Broadly speaking, the Bench while referring to other recent, remarkable and relevant case laws hastens to add in para 13 stating that, “In this context, it is appropriate to refer to two recent decisions of this Court. In Godson v. State of Kerala [2022 (2) KLD 447] a learned Single Judge of this Court had observed that a mere violation of the bail conditions is not sufficient to cancel the bail but the satisfaction of the court that it is necessary to do so based on various factors have to be arrived at,”.
“However, another learned Single Judge in Sreeja Mannangath v. State of Kerala [2022 (7) KLD 109], relying upon the decision in P. v. State of Madhya Pradesh (supra), cancelled the bail after observing that the accused had misused his liberty by violating one of the conditions of bail,”.
“In Sreeja’s case (supra), the accused is alleged to have involved in a subsequent crime against the defacto complainant in the earlier crime itself, in violation of the specific condition not to do so. The conclusion arrived at in Sreeja’s case (supra) is based on the facts therein and cannot apply to the present situation,”.
“Further, the decision in P. v. State of Madhya Pradesh (supra) does not imply that on violation of any of the conditions of bail, there should be an automatic cancellation. The said decision has not diluted the principles laid down in Dolat Ram’s case (supra) and on the other hand, specifically observes that there must be a significant scrutiny before bail is cancelled.”
Most significantly and as a corollary, the Bench then mandates in para 14 holding that, “With the above principles in mind, when the circumstances of the present case are appreciated, it can be noticed that the learned Magistrate had, in exercise of the discretion to grant bail, released the petitioner on bail even in the second crime,”.

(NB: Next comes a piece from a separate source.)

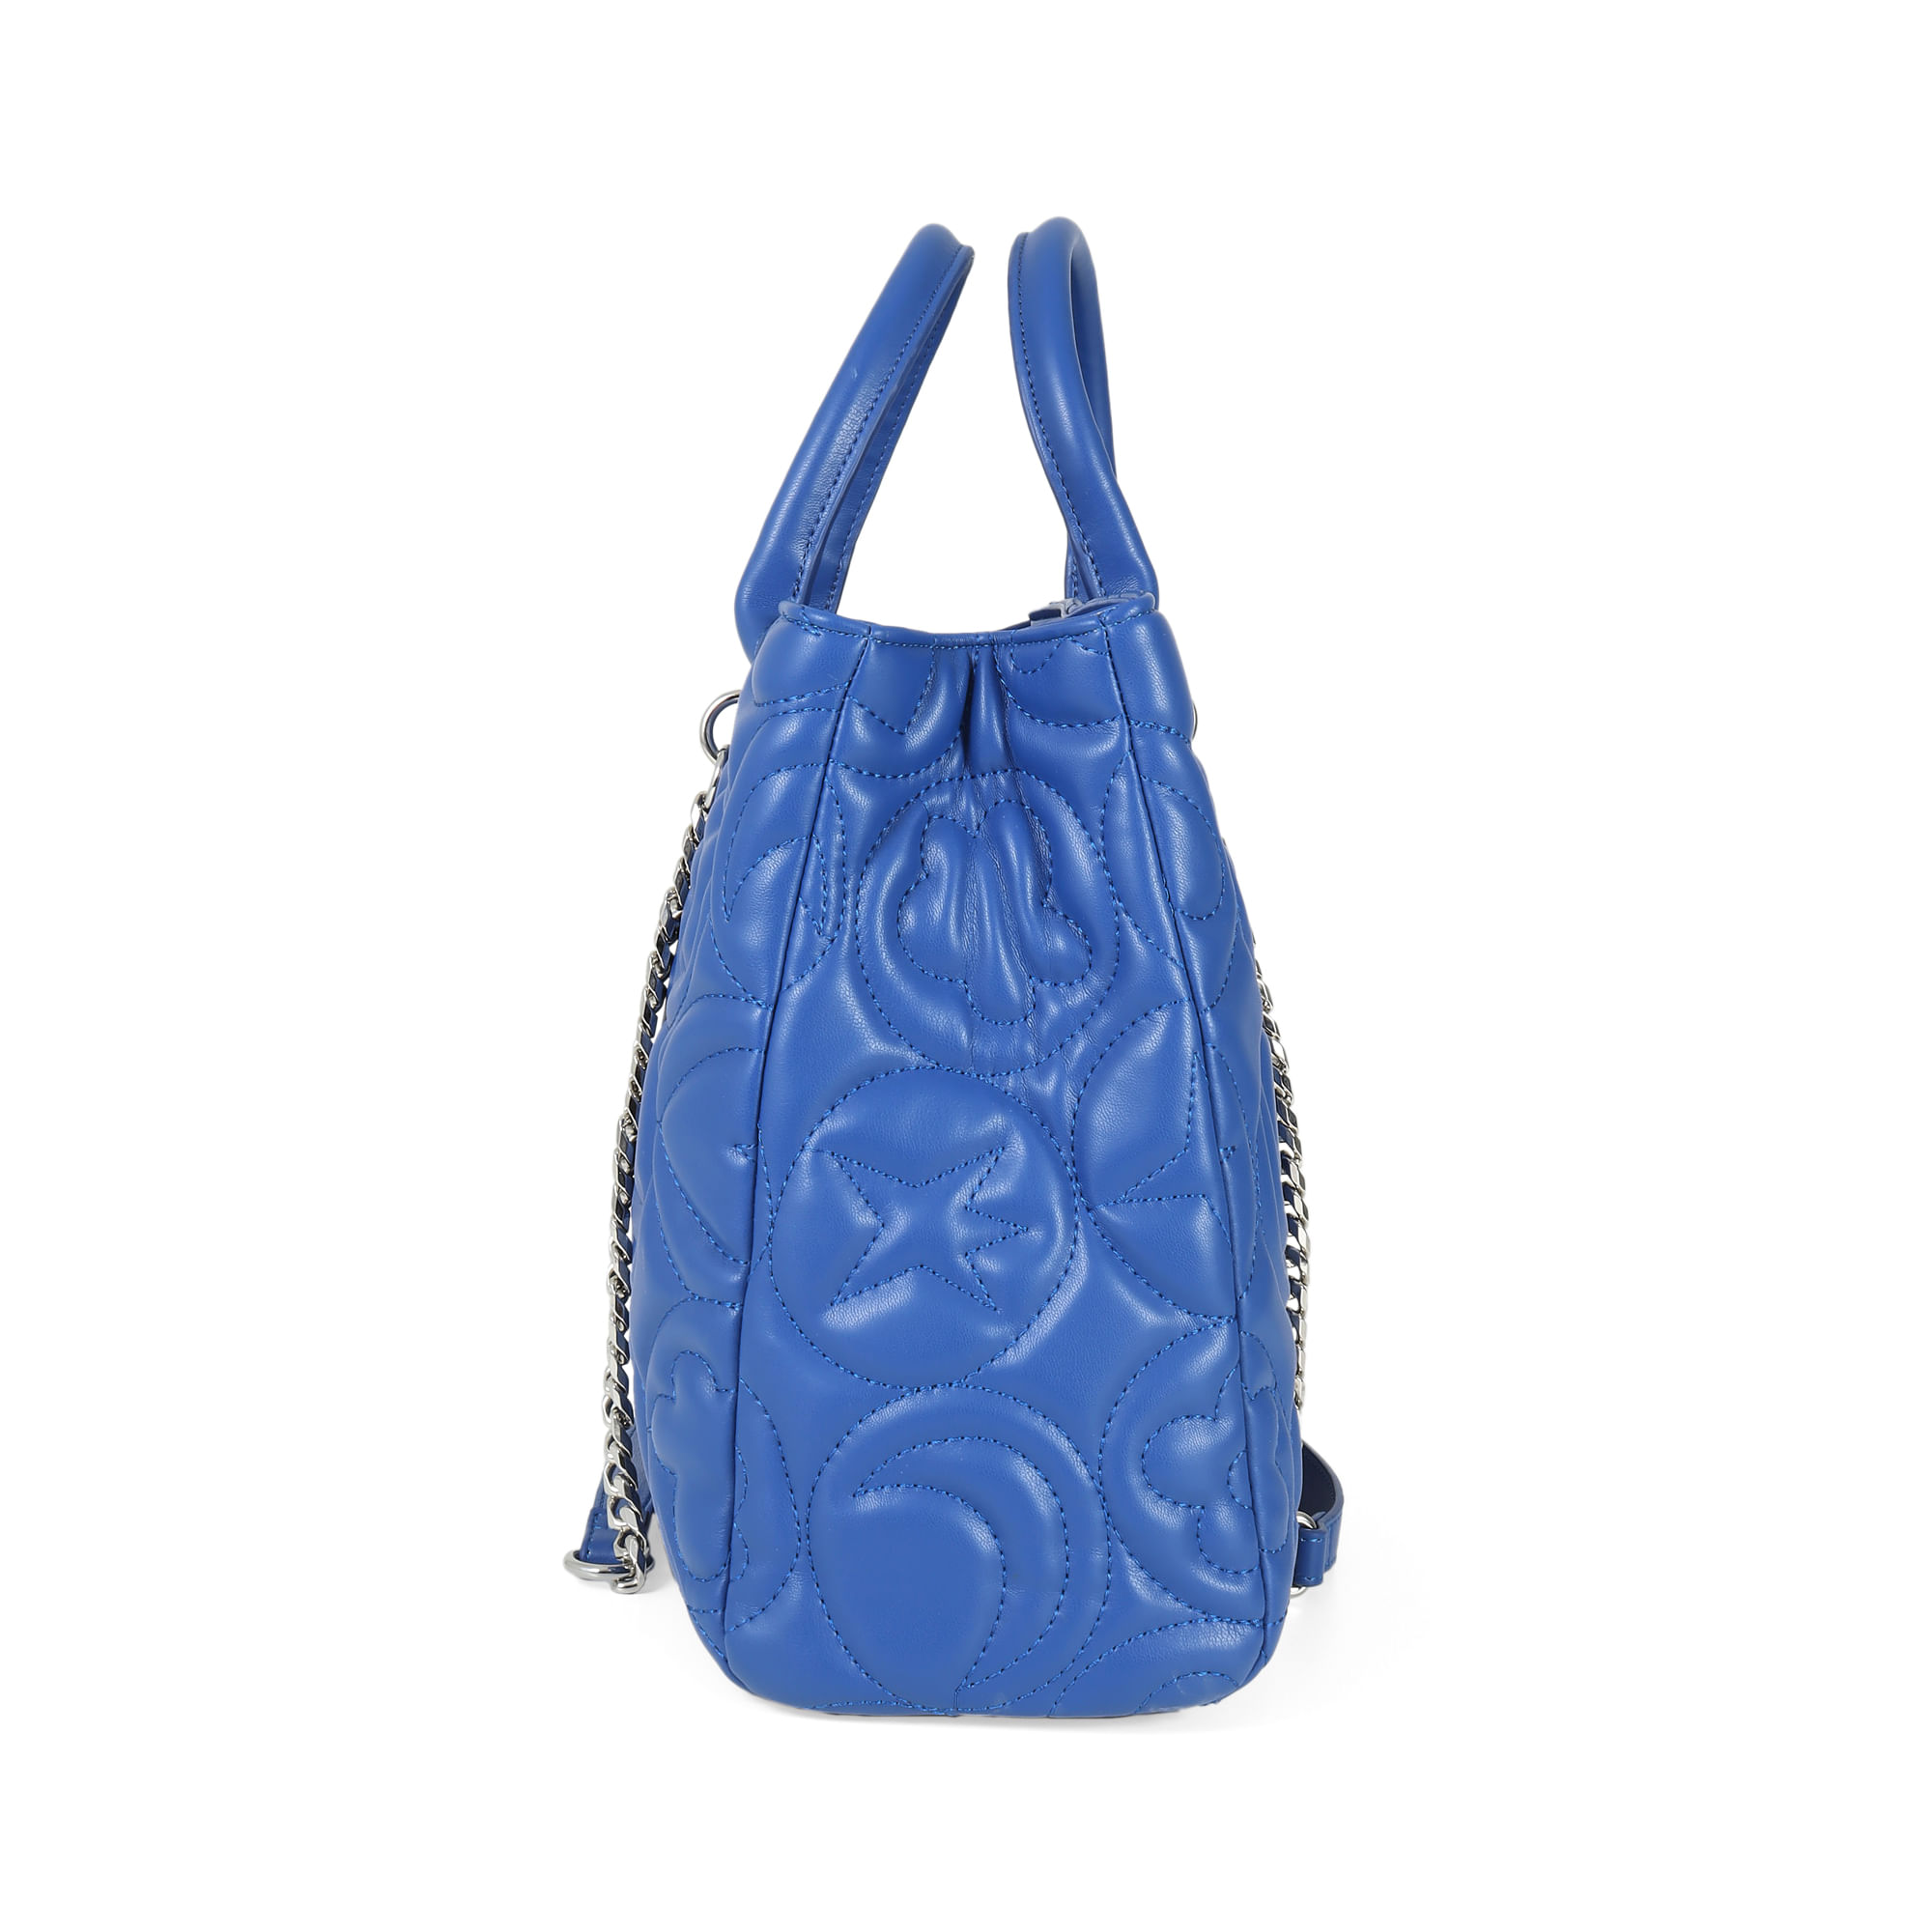 Bolsa Satchel Acolchada Cloe Agatha Ruiz de la Prada color Azul en color | Satchels | Cloe CLOE MX
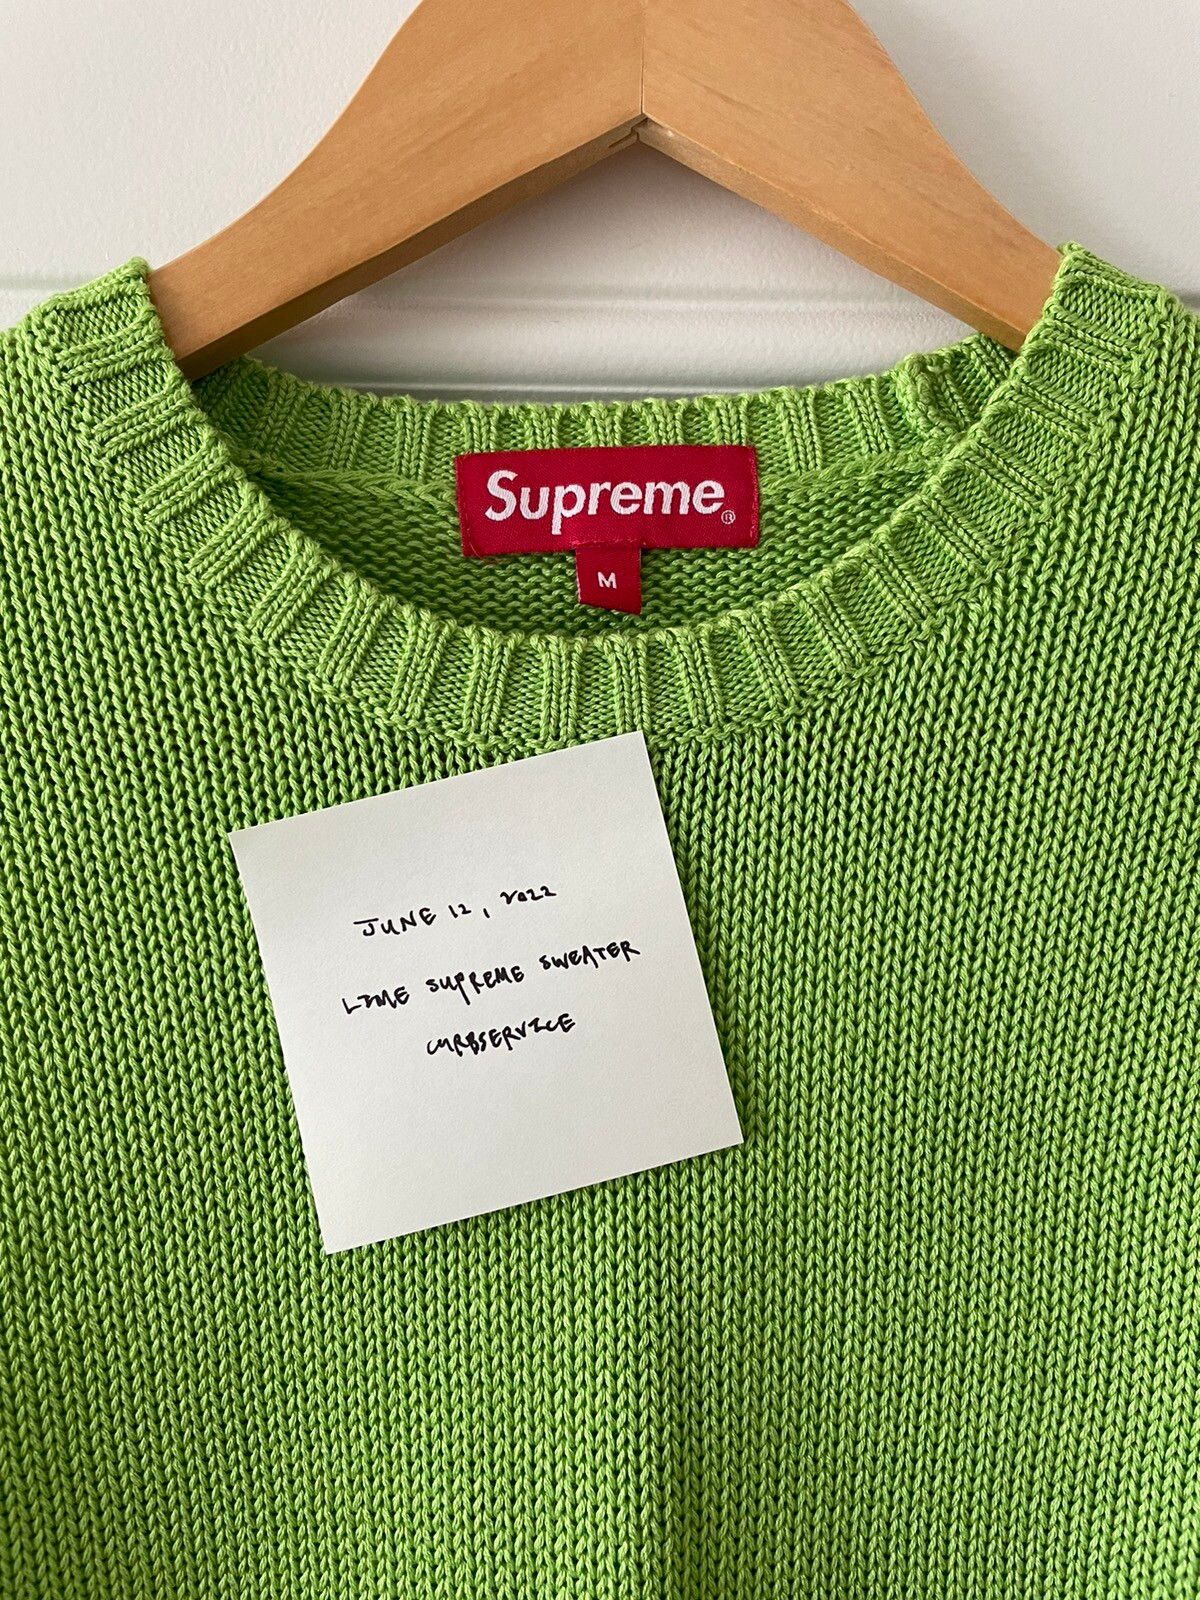 Supreme Back logo sweater | Grailed

“Still, the petitioner has remained in jail for the last more than two months. Though the allegation as regards the second crime is serious, taking into reckoning the contention that the petitioner has been falsely implicated and the absence of any injury on any person and the general allegation that the accused attempted to commit culpable homicide by brandishing a sword in a public road, this Court is of the view that the second crime cannot be treated as overwhelming enough to impede fair trial in the first crime for cancelling the bail already granted,”.
“Further, the final report in the crime in which bail was sought to be cancelled was filed much earlier and there is no allegation that the petitioner had misused his liberty against the defacto complainant therein.”
Finally, the Bench then concludes by holding in para 15 that, “Thus, despite the registration of the subsequent crime against the petitioner, having regard to the nature of allegations, this Court is of the view that the order cancelling the bail granted to the petitioner ought to be interfered with,”.
“Accordingly, the order dated 19.01.2023 in Crl.M.P. No.3394 of 2022 in C.C. No.1104 of 2022 on the files of the Judicial First Class Magistrate’s Court, Chavakkad is set aside. The petitioner shall be released from custody forthwith, if not required in any other case. This Crl.M.C is allowed as above.”
In a nutshell, we thus see that the Kerala High Court has really been quite analytical in forwarding some most rational reasons alongwith relevant case laws as discussed hereinabove that mere registration of subsequent case against accused by itself cannot result in automatic cancellation of bail in earlier case.
It merits no reiteration that all the courts must definitely pay heed to what the Kerala High Court has laid down so elegantly, eloquently and effectively in this leading case. No denying it!